Am Volkstheater spielt Nanette Waidmann dieses süße Kind Gretchen, unschuldig, an der Grenze zwischen Kind und Frau, ein Mädchen zum Anbeißen. Ihr erster Kuss mit Faust (Denis Petkovic) ist dementsprechend mehr ein Auffressen als ein zartes Sich-Annähern, denn er, der ausgehungerte Gelehrte, entwickelt sich mit ihr zu einem liebestollen Verführer.
Doch auch Gretchen ist verführbar: Als sie das Schmuckkästchen findet, glänzen ihre Augen, ihren Monolog teilt die Regie auf. Zusammen mit Mephisto spricht sie die Worte: „Am Golde hängt doch alles."
Günter Franzmeier spielt Mephisto, ein schmieriger Zuhälter mit Luden-Oberlippenbärtchen, dem die Lust des Augenblicks über alles geht, der alle Figuren entfesselt und das Böse aus ihnen herausholt.
In seiner Gegenwart wachelt die liebeshungrige Kupplerin Marthe (Heike Kretschmer) einladend mit ihrem Rock und strafft kokett die Strümpfe, während Mephisto sie allein dafür benutzt, um an Gretchen heranzukommen. Nach der ersten gemeinsamen Nacht mit Faust ist er es, der nackt neben ihr sitzt, durch einen Kubus aus Holz und transparentem Gazestoff leuchtet das Mondlicht.

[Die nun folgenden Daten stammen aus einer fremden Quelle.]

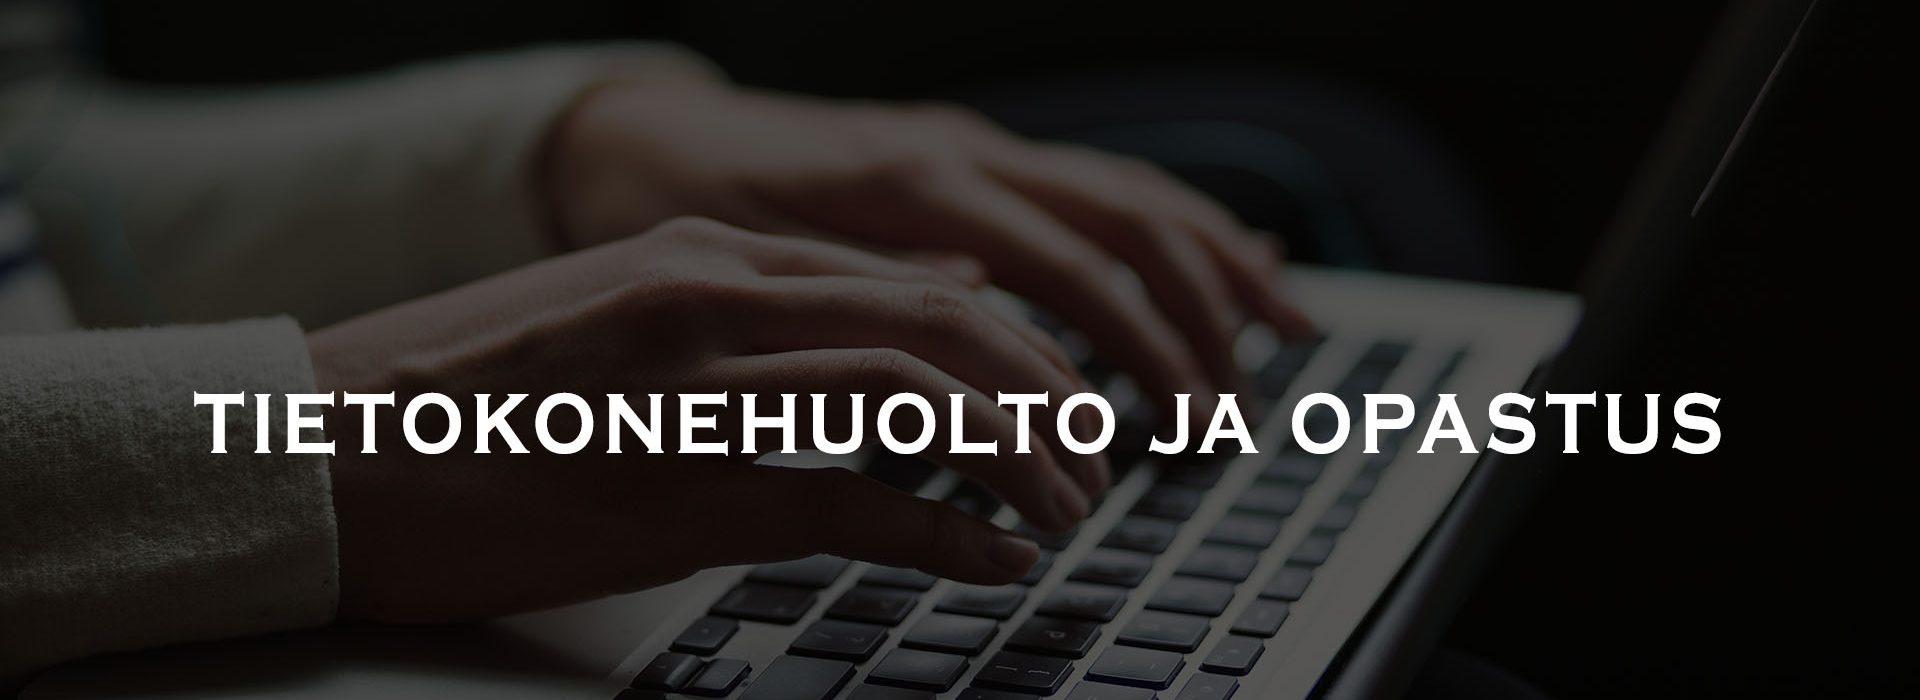 Tietokonehuolto ja opastus Pohjois-Savossa - FinMacGyver Oy

Dieser Kubus bietet den Rahmen für das Skizzenhafte des „Urfaust". Szenisch löst Lübbe das Holzschnittartige über meisterhaft eingesetztes Licht, das emotionale Ebenen und (Denk) Räume etabliert: So erscheinen einmal die Figuren wie Silhouetten im Hintergrund, dann wieder werfen sie lange Schatten oder stehen einsam im Zwielicht. Musikalisch taktet Lübbe die knappen Szenenfolgen mit einer Variation von „Child in Time", Gretchens Schreie überhöht der ekstatische Gesang von Ian Gillan.
Lübbe hat diese radikale Verknappung (der Abend dauert gerade eine gute Stunde) des Faust-Stoffes als ästhetische Versuchsanordnung gedacht und hat damit am Volkstheater Erfolg."

(Salzburger Nachrichten)

 

 

Furiose Gretchentragödie. Goethes „Urfaust" im Wiener Volkstheater als tolles, heutiges Beziehungsdrama. 

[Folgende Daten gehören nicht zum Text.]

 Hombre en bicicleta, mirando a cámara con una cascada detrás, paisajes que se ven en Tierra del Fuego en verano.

In einem riesigen Kubus liegt, begleitet von den hämmernden Rhythmen der englischen Hard-Rock-Band Deep Purple, eine blutverschmierte junge Frau. Mit dieser starken Gretchen-Szene beginnt Enrico Lübbes knappe, heutige Inszenierung von Goethes „Urfaust" im Wiener Volkstheater. 

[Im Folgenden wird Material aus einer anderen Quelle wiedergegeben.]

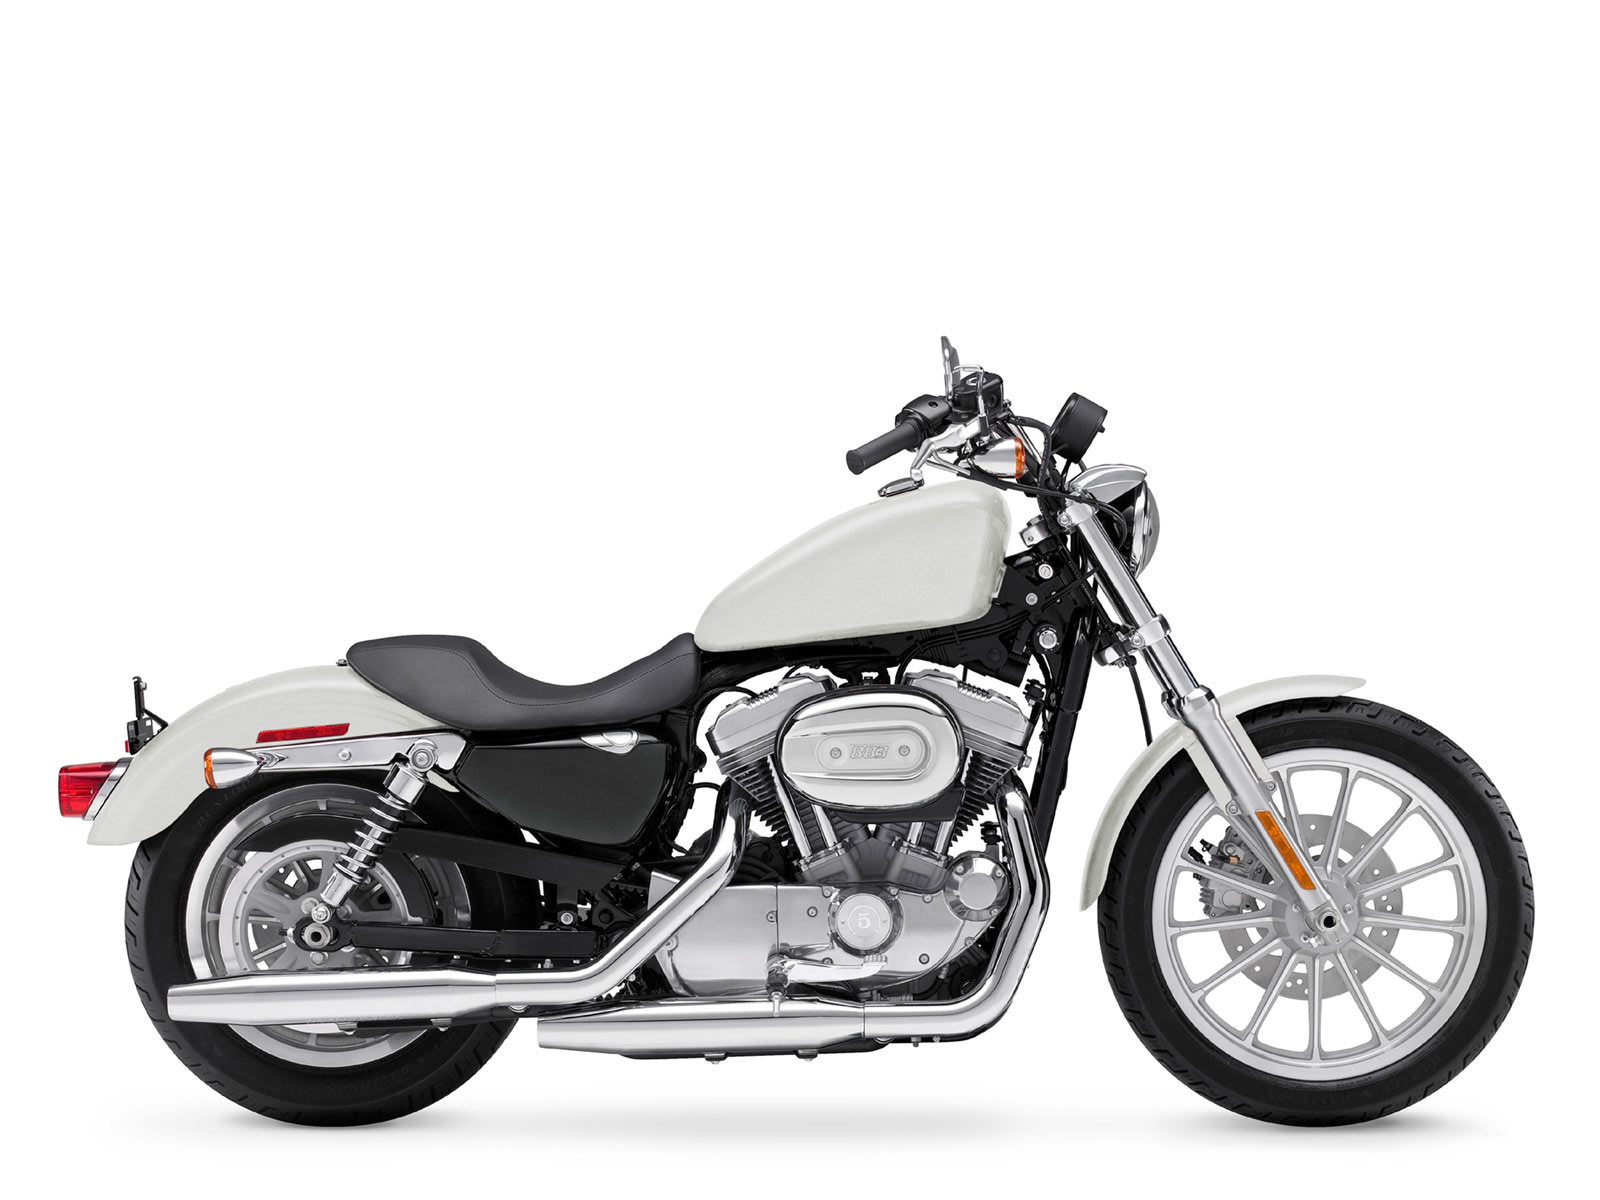 2009 Harley

Im Mittelpunkt steht die Gretchentragödie; Faust ist ein lüsterner Gefühlskrüppel, Mephisto sein Alter Ego. Denis Petkovic ist ein patscherter Faust im Freizeitpulli, Günter Franzmeier ein abgrundtief böser Mephisto; Nanette Waidmann bezaubert als liebeskrankes Gretchen."